As is often the case with acute lower back pain, I have no idea why this is occurring. I woke up with a mild ache on the right side which is causing me to move much slower than I usually would. Like everyone else in this situation I’m tracing back over my activities for the past few days. I started yesterday with a short workout before treating patients…nothing out of the ordinary. So what should I do? Perhaps I should try and figure out the diagnosis! Should I look it up on Google? Ha! In case you can’t pick up on my tone, I would strongly recommend against searching the internet for a diagnosis of your condition. Usually, Dr. Google is wrong. I’m fortunate that I can ask my wife for her opinion (she’s also a Chiropractor). If I didn’t have this luxury I should seek the help of a qualified health professional with the education (and legal right) to diagnose my condition.

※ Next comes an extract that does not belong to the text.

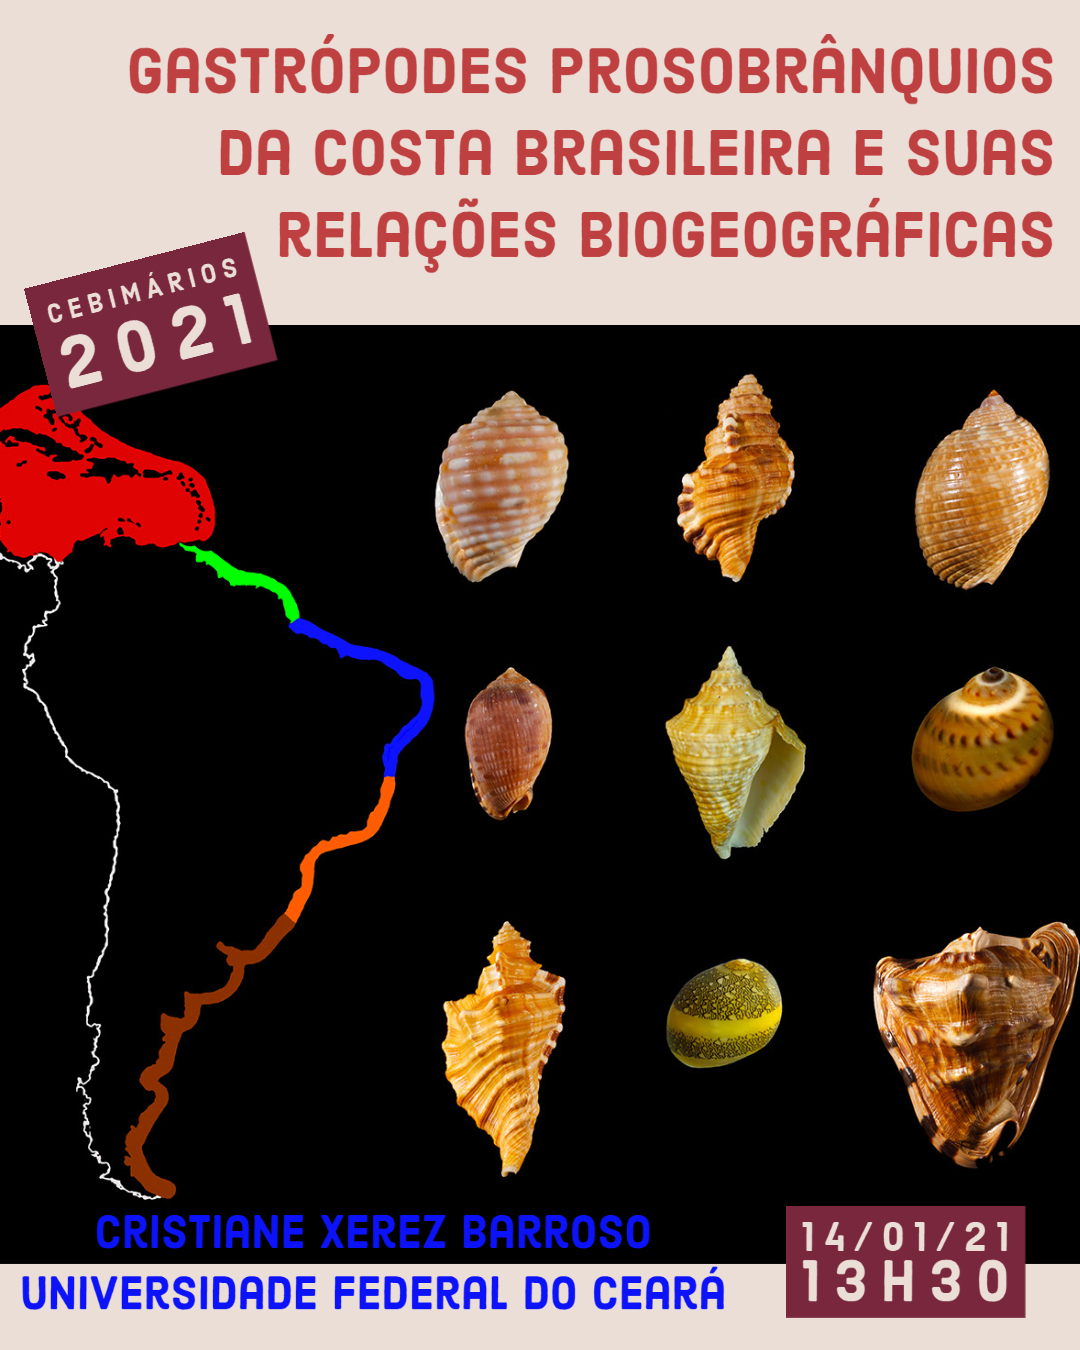 CEBIMário: Gastrópodes prosobrânquios da costa brasileira e suas relações biogeográficas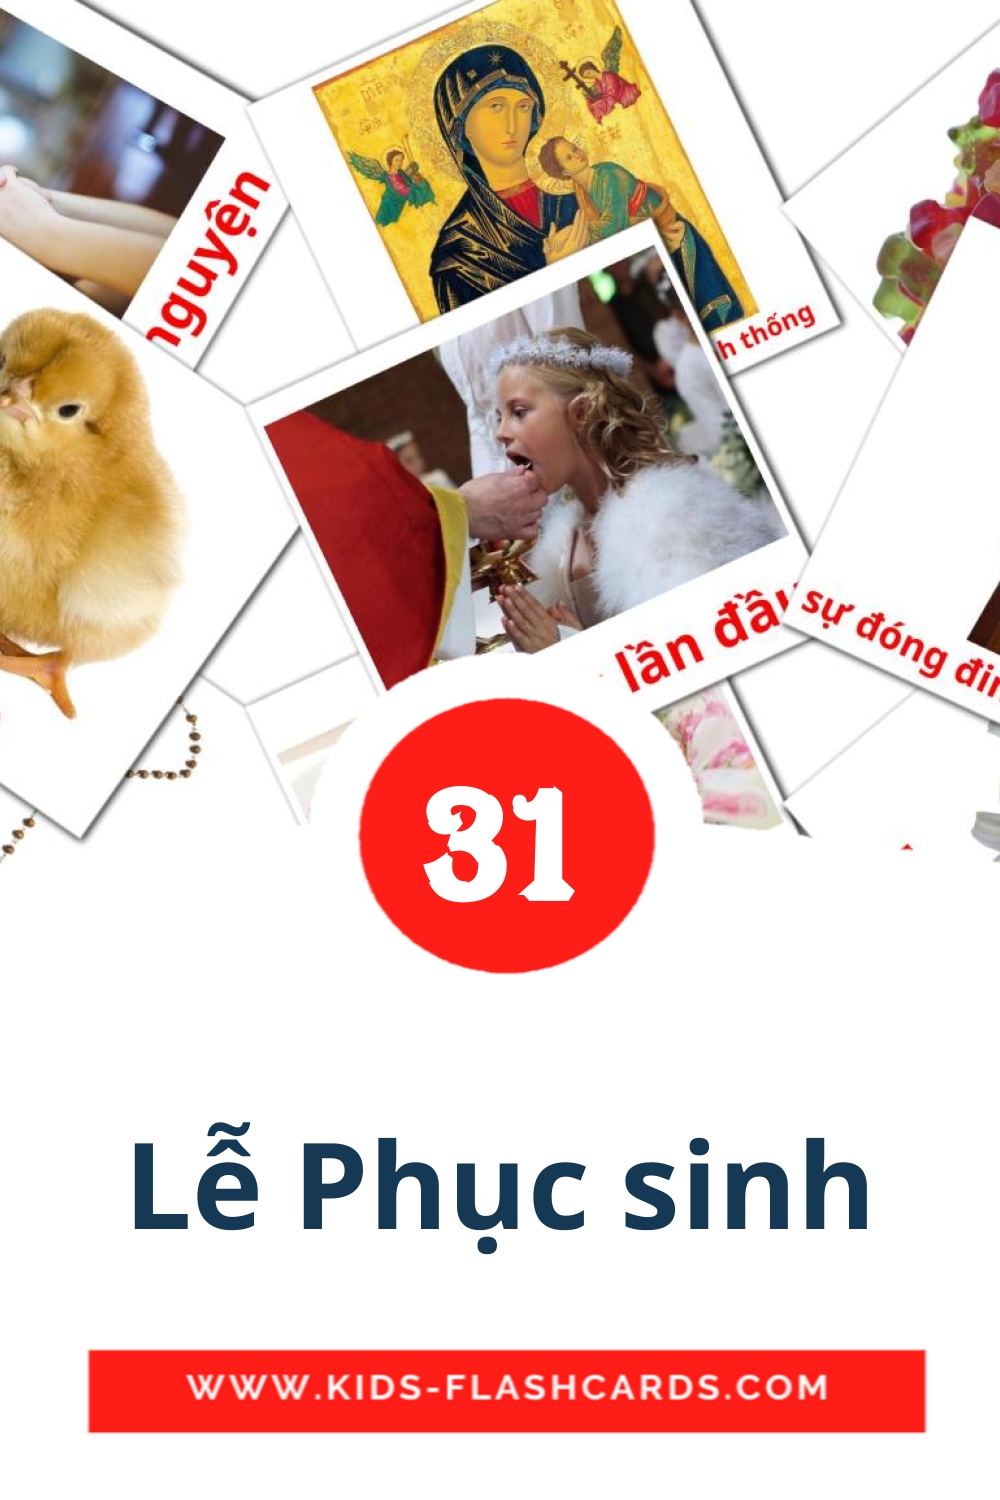 31 carte illustrate di Lễ Phục sinh per la scuola materna in vietnamita

In the meantime, before I get an opportunity to see a health professional, what should I do? The following are some common recommendations that our clinic gives our patients. Keep in mind that this is not “official advice”. Think of it more as some general information for interest sake. These recommendations are based on scientific evidence and some educated common sense. If you’re a patient of ours you likely recognize some of it!
Many people like the feeling of heat. Although this might provide some temporary relief, it isn’t likely to help. If anything, it has a greater chance of prolonging your recovery. We usually recommend the application of ice in short duration. Ten minutes on, ten minutes off, ten minutes on. The purpose of ice is to assist in reducing inflammation.
In the past we would recommend that patients with acute lower back pain lie in bed for a few days and allow healing to occur. The scientific evidence doesn’t support this. We usually recommend to our patients that they try to keep moving as best they can without exacerbating their condition. A good brisk walk is generally the idea.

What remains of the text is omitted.